The first common mistake is adding too much context. More context feels safer, but it can dilute the exact signal you need. Start with current file, selected code, search results, and specific docs. Add embeddings only when search is not enough.

The second mistake is giving the assistant unrestricted tools. Never expose a generic run_command(command: str) function in your first version. If you need command execution, create specific tools like run_pytest, npm_test, or go_test, each with path checks, timeouts, and output limits.

The third mistake is skipping output limits. Test logs, generated files, and diffs can explode quickly. Cap returned characters from every tool so one noisy command does not consume the model’s useful context.
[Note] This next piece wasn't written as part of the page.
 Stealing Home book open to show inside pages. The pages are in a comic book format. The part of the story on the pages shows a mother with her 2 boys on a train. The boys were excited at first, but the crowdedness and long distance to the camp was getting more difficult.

The fourth mistake is treating generated code as done work. Your assistant can draft, inspect, and suggest. You still own the diff. Keep the habit of reading every change, running tests, and checking whether the code follows your system’s design.
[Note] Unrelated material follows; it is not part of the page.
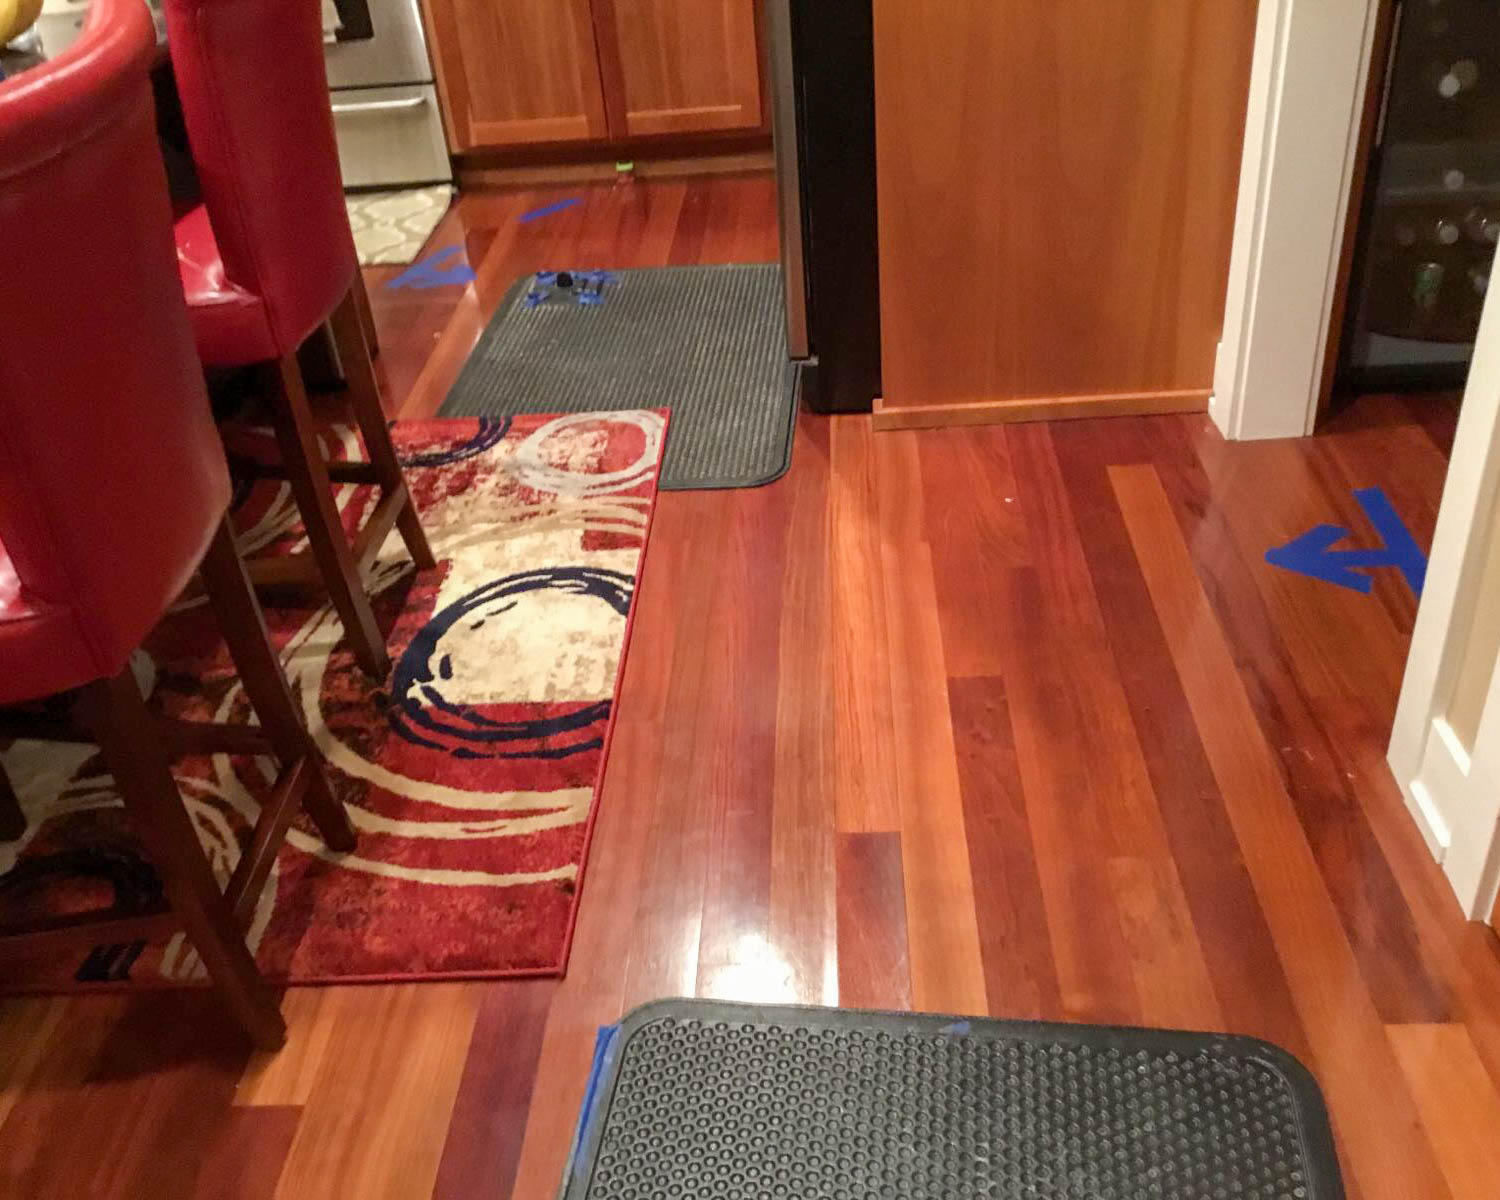 Wood floors can be especially susceptible to water damage, but SERVPRO is here to help!
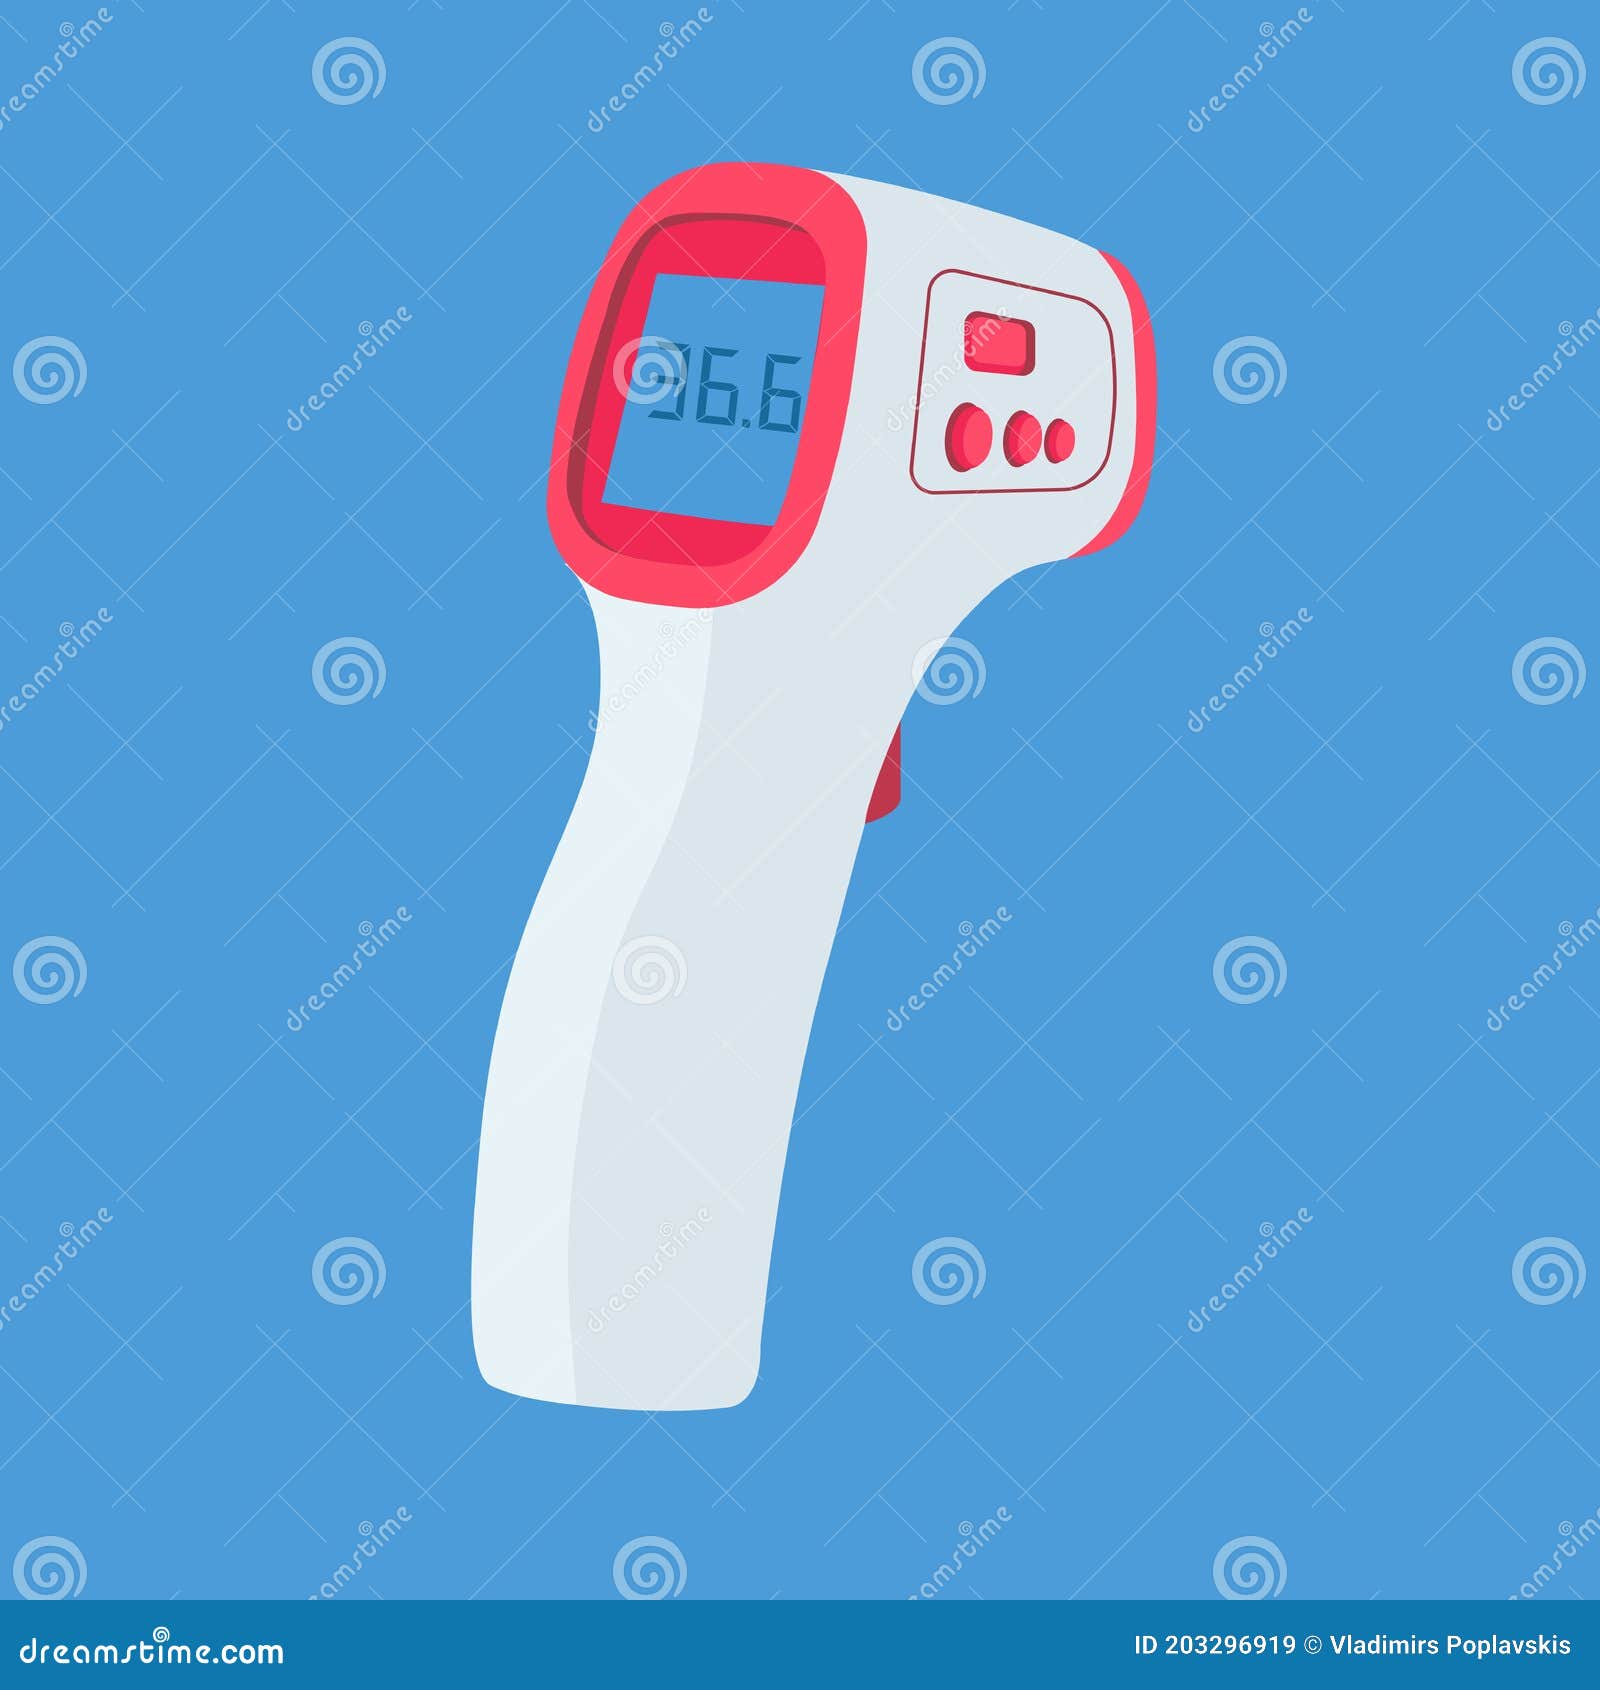 https://thumbs.dreamstime.com/z/illustration-medical-mobile-non-contact-thermometer-showing-basic-units-human-temperature-blue-background-clip-art-203296919.jpg

The fifth mistake is starting with multi-agent orchestration. You do not need a planner agent, reviewer agent, tester agent, and memory agent on day one. You need one assistant that can answer repo questions accurately. Make that boring and reliable first.

When to Add Embeddings, Memory, and Automation

Once your assistant is useful with search and MCP tools, you can upgrade it in three directions.

Add retrieval-augmented generation when your repo is too large for simple search. A practical approach is to chunk docs and source files, embed them, and retrieve relevant chunks per question. Chroma and LanceDB are common local options with documented Python workflows Chroma docs LanceDB docs.

Add memory when you keep repeating project decisions. Do not store entire conversations forever. Store concise notes like “we use service-level authorization for billing actions” or “legacy invoices live under src/billing/legacy until migration is complete.” Keep memory editable so bad assumptions do not become permanent.

Add write actions only after read actions are trusted. A safe next step is a tool that writes patches to a temporary file, not directly to your working tree. You can review the patch with git apply --check before applying it.

For example:

@mcp.tool()
def propose_patch(filename: str, patch: str) -> str:
    """Write a proposed patch to .ai/patches for human review."""
    patches_dir = ROOT / ".ai" / "patches"
    patches_dir.mkdir(parents=True, exist_ok=True)

    safe_name = filename.replace("/", "_").replace("..", "")
    target = patches_dir / f"{safe_name}.patch"
    target.write_text(patch)

    return f"Patch written to {target.relative_to(ROOT)}. Review before applying."

This keeps the assistant in the loop without letting it silently mutate your repo.

If you want team-wide usage, move slowly. Shared assistants need shared rules, access control, secret handling, and logging. A personal assistant can be scrappy. A team assistant becomes infrastructure.

The Takeaway

A useful personal AI assistant is not a magic personality in your editor. It is a practical system: a model, your project context, a few safe tools, and clear instructions.

Start with Continue or your preferred AI editor, connect a model you trust, add MCP tools for code search and test runs, and write down your project conventions. Keep the first version read-heavy and boring. If it can reliably answer “where is this behavior implemented?” and “why is this test failing?” it is already saving you real time.

The best personal AI assistant is not the one with the flashiest demo. It is the one that understands your repo well enough to reduce the 11 PM debugging fog, while still leaving you in control of the code you ship.